Now determine where \(|t_{\text{obs}}|\) falls:
If \(|t_\text{obs}|\) falls between two reference values → the \(p\)-value falls between the corresponding two-tailed probabilities (i.e., twice the one-tailed probabilities shown at the top of the columns).
If \(|t_\text{obs}|\) is greater than all reference values → the \(p\)-value is less than twice the smallest probability listed (e.g., less than 0.01).
If \(|t_\text{obs}|\) is smaller than all reference values → the \(p\)-value is greater than twice the largest probability listed (e.g., greater than 0.2).
Computing exact \(p\)-values
In R we can of course compute the exact \(p\)-values using the pt() function.
Lower-tailed \(p\)-values
pt(t_obs, df, lower.tail = FALSE)Upper-tailed \(p\)-values
pt(t_obs, df, lower.tail = FALSE)Two-tailed \(p\)-values
2 * pt(abs(t_obs), df, lower.tail = FALSE)Examples
Upper-tailed test
For upper-tailed tests involving the null distribution \(t_{\nu}\), that is a Student \(t\)-distribution with \(\nu\) degrees of freedom, the \(p\)-value can be calculated as:
\[\begin{align} p\text{-value} &= \Pr(t_{obs} > t_{\nu}) \end{align}\]
where \(t_{obs}\) is our observed test statistic.
Example 1 Given a \(t_{obs}\) = 1 degrees of freedom \(\nu\) = 9
Solution
The reference row from the \(t\)-table is:
Given a \(t_{obs}\) = 1 degrees of freedom \(\nu\) = 9 the \(p\)-value can be approximated as:
\[\begin{align} p\text{-value} &= \Pr(t_{9} > t_\text{obs} ) \\ &= \Pr(t_{9} > 1)\\ &> \Pr(t_{9} > \textcolor{gold}{1.383}) = \textcolor{gold}{0.1} \end{align}\]
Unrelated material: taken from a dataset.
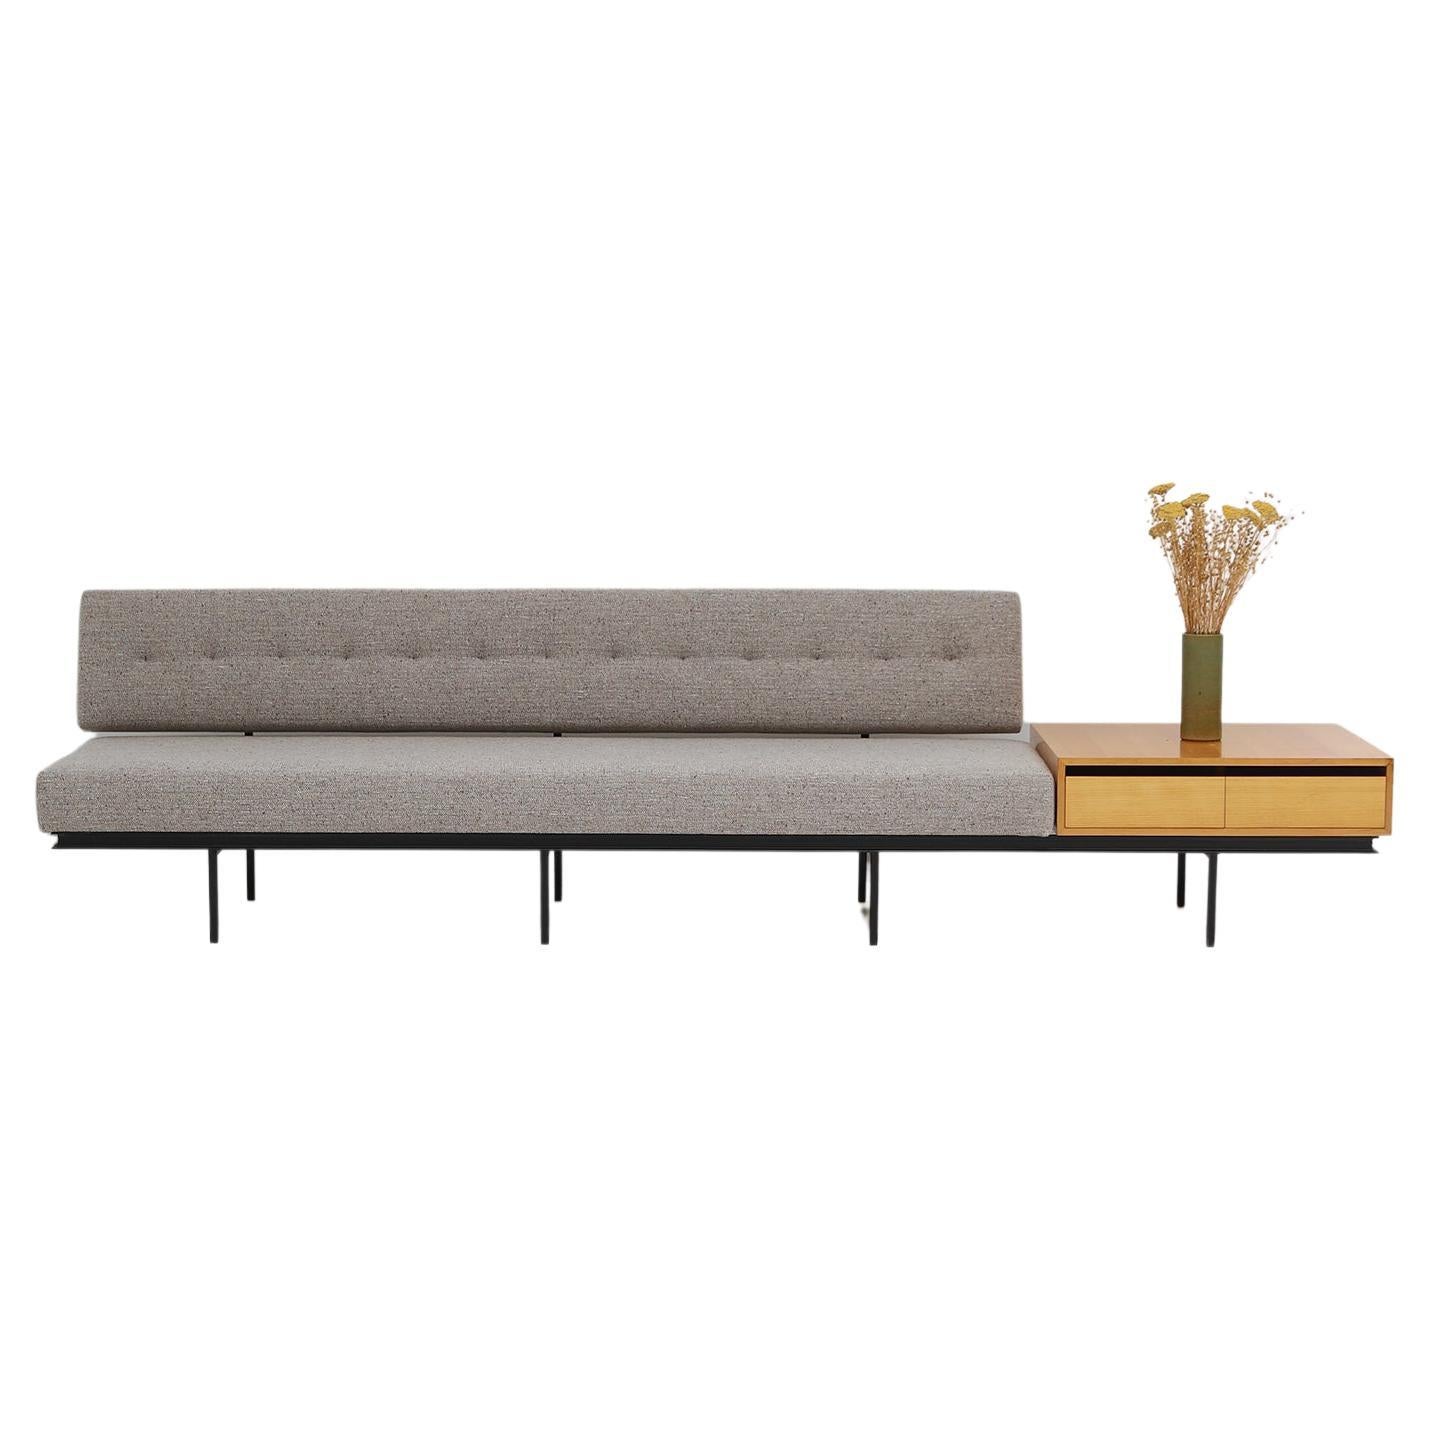 Mid-Century Modern Sofa & End Cabinet in a Grey Fabric by Florence Knoll, 1960s

The exact \(p\)-value is found using:
pt(1, df = 9, lower.tail = FALSE)[1] 0.1717182The relationship between the exact \(p\)-value and the relant reference \(t\)-values is shown below. As we can see,
\[ p\text{-value} = 0.1717 > 0.1 \]
Example 2 Given a \(t_{obs}\) = 2.5 degrees of freedom \(\nu\) = 9
Solution
The reference row from the \(t\)-table is:
Given a \(t_{obs}\) = 2.5 degrees of freedom \(\nu\) = 9 the \(p\)-value can be approximated as:
\[ \begin{align} p\text{-value} &= \Pr(t_{9} > t_\text{obs} ) \\ &= \Pr(t_{9} > 2.5)\\ \implies \Pr(t_{9} > \textcolor{RoyalBlue}{2.821}) &< \Pr(t_{9} > 2.5) < \ \Pr(t_{9} > \textcolor{Magenta}{2.262}) \\ \textcolor{RoyalBlue}{0.01} &< \Pr(t_{9} > 2.5) < \ \textcolor{Magenta}{0.025} \end{align} \]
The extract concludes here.